Using sampling techniques with a special cross-sectional keyword so that I can get this number below 1,000 (all numbers over 1,000 are worthless because they are unverifiable), I estimate that Google's actual coverage of my 132,000 available pages is 66 percent. That would make a realistic number that Google should report for the entire site closer to 87,000 than to 132,000.
Now look at the numbers Google reports. I'm not kidding here, and this has been going on for around nine months or more. This is a nonprofit, noncommercial, educational site.
site:www.mydomain.org 5,350,000
site:www.mydomain.org reserved 390,000
site:www.mydomain.org -reserved 1,320,000
Forty times the absolute maximum possible count. Can anyone beat this? If you applied this rate of inflation to Google's market cap, then instead of $126 billion, it would be closer to $3 billion. I think that's a rather good way to estimate Google's actual worth.

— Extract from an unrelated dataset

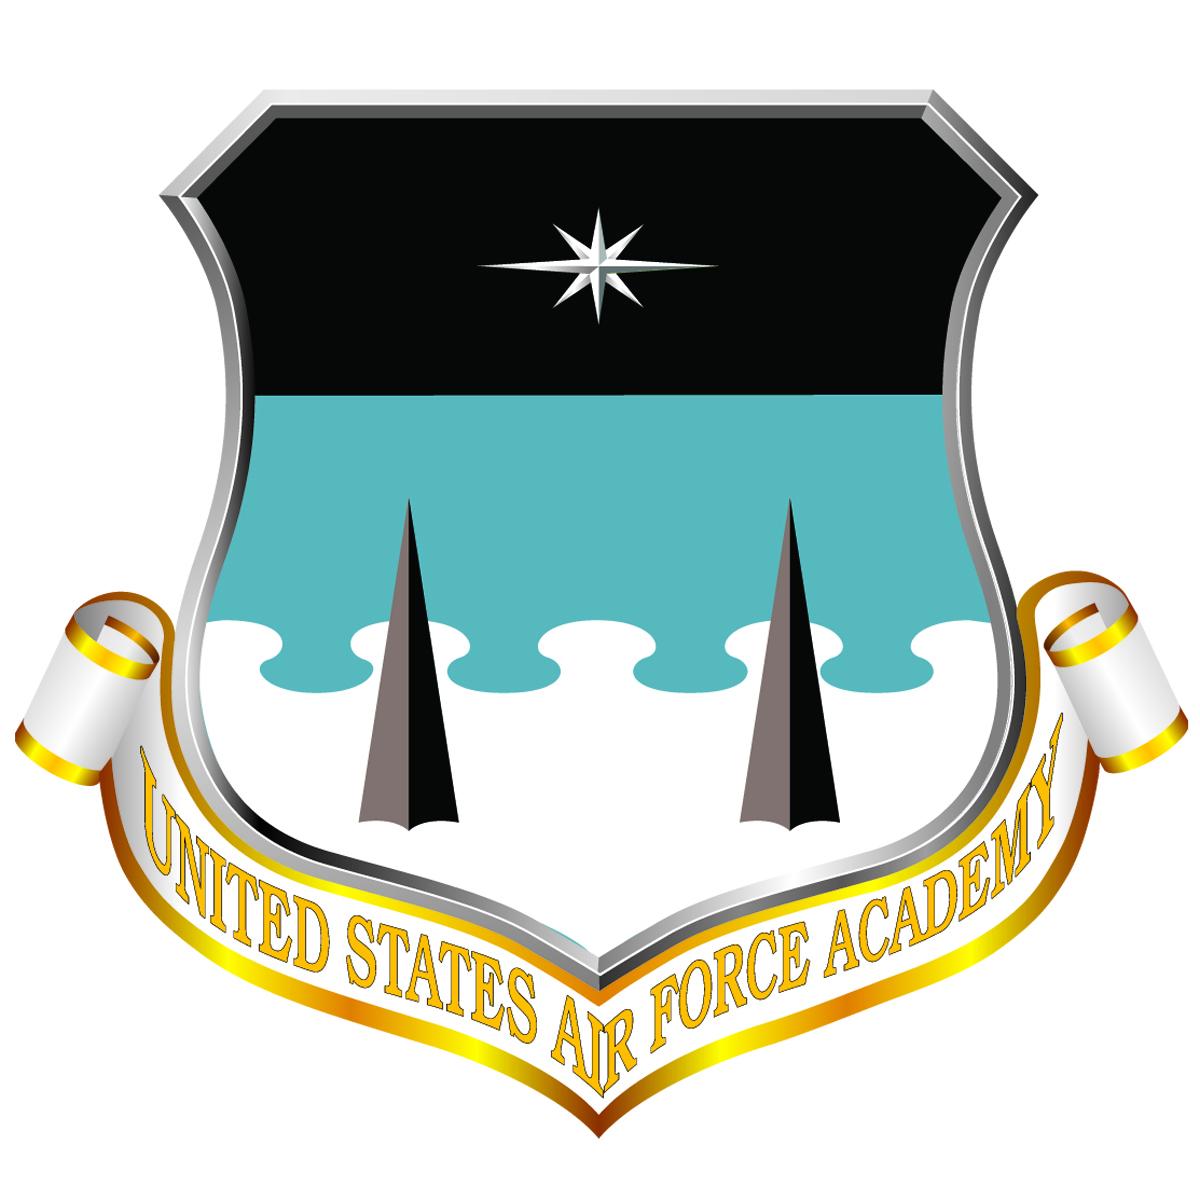 Index of /uah/Logos/University.

>> One way to compare the URL-only to the fully indexed pages is to use the "site:" command in conjunction with a word or phrase that is present on every page. Something like the word "reserved" <<
Not sure I understand this fully but by doing the above this is what I get:
site:mysite.com reserved 741
site:mysite.com -reserved 1,310
The -reserved search gives me url onlys and also supplementals with cache. Checking the cache, the dates on the supplementals go back at least to last January and some up to this November.
Been discussed before, but further comments - old cache dates?
So what's the problem with a session id, and why doesn't Googlebot crawl them? Well, we don't just have one machine for crawling. Instead, there are lots of bot machines fetching pages in parallel. For a really large site, it's easily possible to have many different machines at Google fetch a page from that site. The problem is that the web server would serve up a different session-id to each machine! That means that you'd get the exact same page multiple times--only the url would be different. It's things like that which keep some search engines from crawling dynamic pages, and especially pages with session-ids.
Allow search bots to crawl your sites without session IDs or arguments that track their path through the site. These techniques are useful for tracking individual user behavior, but the access pattern of bots is entirely different. Using these techniques may result in incomplete indexing of your site, as bots may not be able to eliminate URLs that look different but actually point to the same page. ....Don't use "&id=" as a parameter in your URLs, as we don't include these pages in our index.